INPUT DATA:
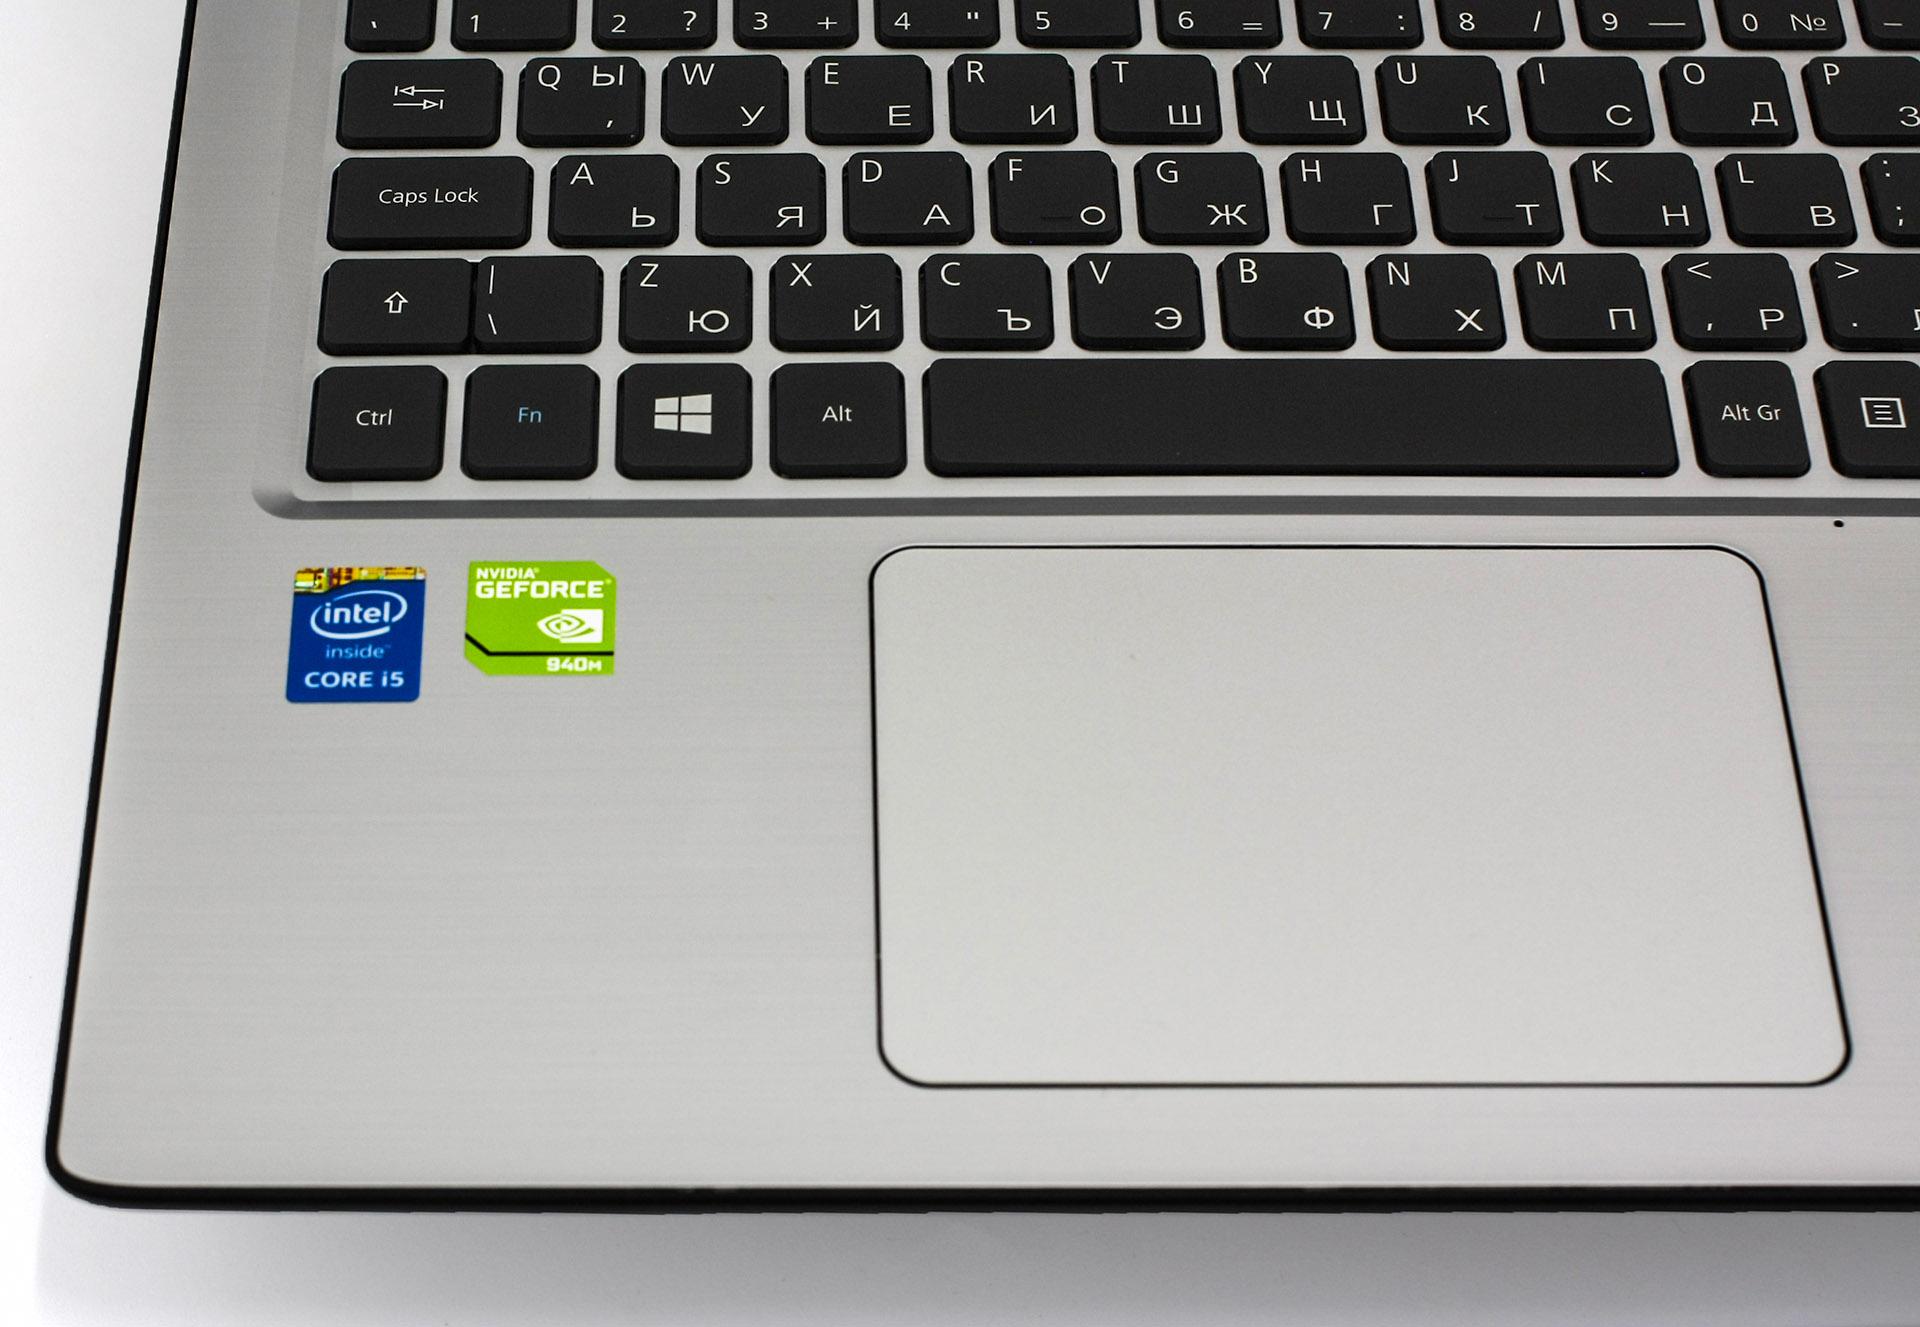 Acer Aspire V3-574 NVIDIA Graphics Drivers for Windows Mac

* * *

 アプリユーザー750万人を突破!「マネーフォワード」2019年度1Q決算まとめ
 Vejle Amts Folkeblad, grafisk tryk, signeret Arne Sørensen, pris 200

YOUR INSTRUCTIONS: Give only the lines from the one holding "アプリユーザー750万人を突破!「マネーフォワード」2019年度1Q決算まとめ" through the one holding "Vejle Amts Folkeblad, grafisk", each restated exactly as it appears above.

ANSWER TO THIS TASK:
 アプリユーザー750万人を突破!「マネーフォワード」2019年度1Q決算まとめ
 Vejle Amts Folkeblad, grafisk tryk, signeret Arne Sørensen, pris 200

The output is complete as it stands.